Il y a exactement quatorze ans, François Hollande prenait les rênes de l’État et accédait à la plus haute fonction. Aujourd’hui, l’ancien chef d’État entretient encore l’ambition de revenir, malgré un climat politique peu encourageant.
Le 6 mai 2026, François Hollande célèbre l’anniversaire de son élection à la présidence. Il peut souffler les quatorze bougies associées à cette victoire sans éprouver de nostalgie. L’ancien premier secrétaire du Parti socialiste est convaincu qu’il peut récupérer l’Élysée, occupé depuis dix ans par l’un de ses anciens collaborateurs — une option qu’il revendique publiquement.

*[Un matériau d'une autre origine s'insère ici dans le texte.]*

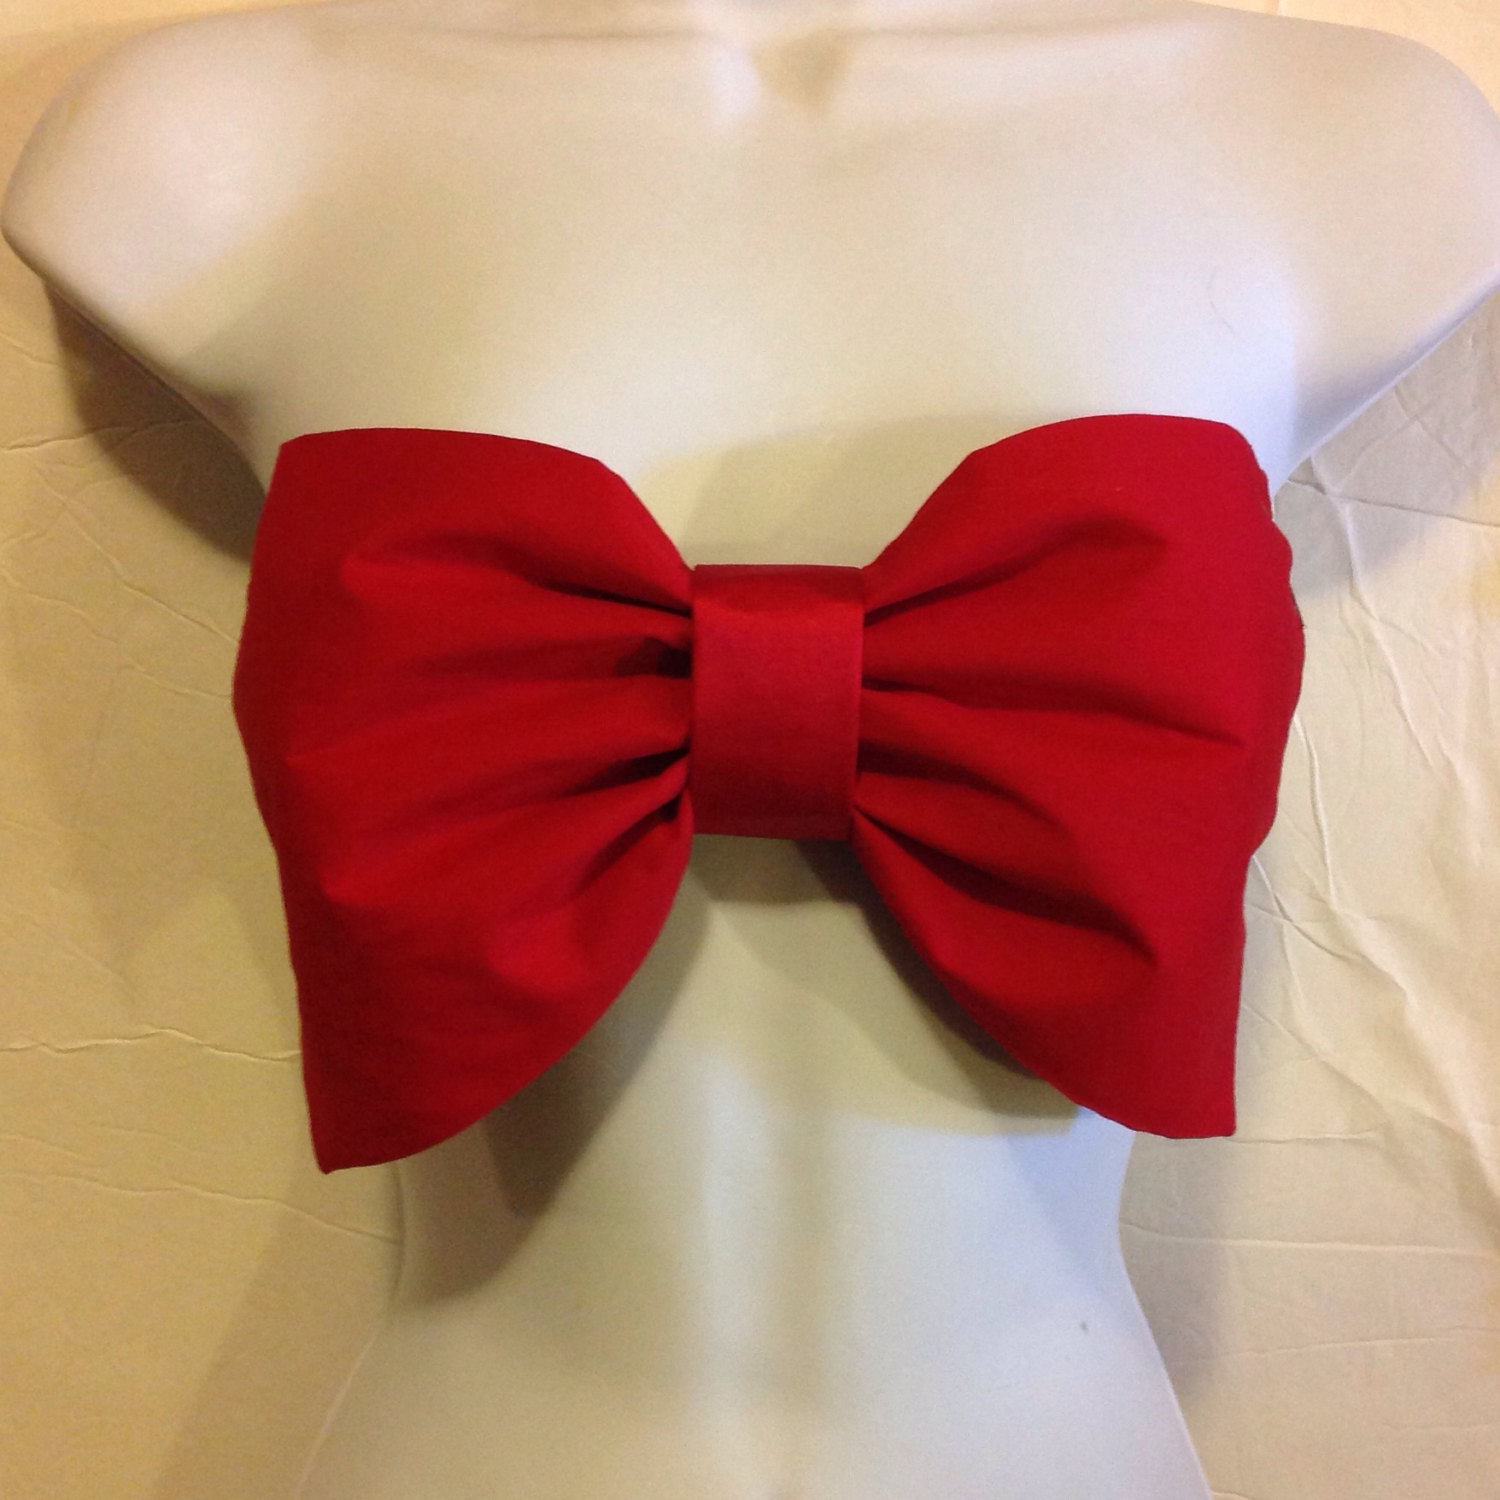 Red Bow-Bow Bandeau-Bow Bra-Bikini Top-Swimsuit Top-Big Bow-Large ...

Le scénario n’est toutefois pas garanti. Plus proche d’une mission impossible que d’un retour du Jedi, son éventuel retour n’est pas complètement exclu. Hollande se présente aujourd’hui comme « Monsieur Pourquoi Pas », mettant en lumière son vécu au sommet de l’État. Dans un contexte international tendu, face à Donald Trump, Xi Jinping ou Vladimir Poutine, il mise sur le fait que cette expérience peut rassurer. Dans un entretien accordé à Marianne il y a quelques semaines, il affirmait se préparer et déclarait : « je n’ai pas une relation passionnelle avec le pouvoir, mais avec la France ».
À gauche, une concurrence frontale avant même la présidentielle
Avant tout, Hollande doit s’imposer sur l’échiquier de la gauche. Une gauche recomposée, marquée par la rupture avec La France insoumise et le refus d’une primaire unitaire. La social-démocratie retrouve des couleurs, mais celui qui semble aujourd’hui l’incarner le plus s’appelle Raphaël Glucksmann. Mieux placé dans les sondages, il constitue le premier obstacle. Derrière les sourires de circonstance, la concurrence est réelle. « Il attend que je tombe » affirme le leader de Place publique, qui ajoute : « si t’es pas capable de gérer Hollande t’es pas capable d’être président ».
Le match s’annonce difficile dans le paysage social-démocrate, premier défi avant une éventuelle confrontation avec Jean-Luc Mélenchon, où tous les coups seront permis. Crédité de 6 à 8% dans les sondages, François Hollande veut croire à une dynamique. Après la théorie du « trou de souris » qui n’avait pas fonctionné, il évoque désormais un « trou de hamster ». Mais à 71 ans, et en tant que l’un des derniers éléphants du PS, il incarne pour beaucoup davantage le passé que le futur.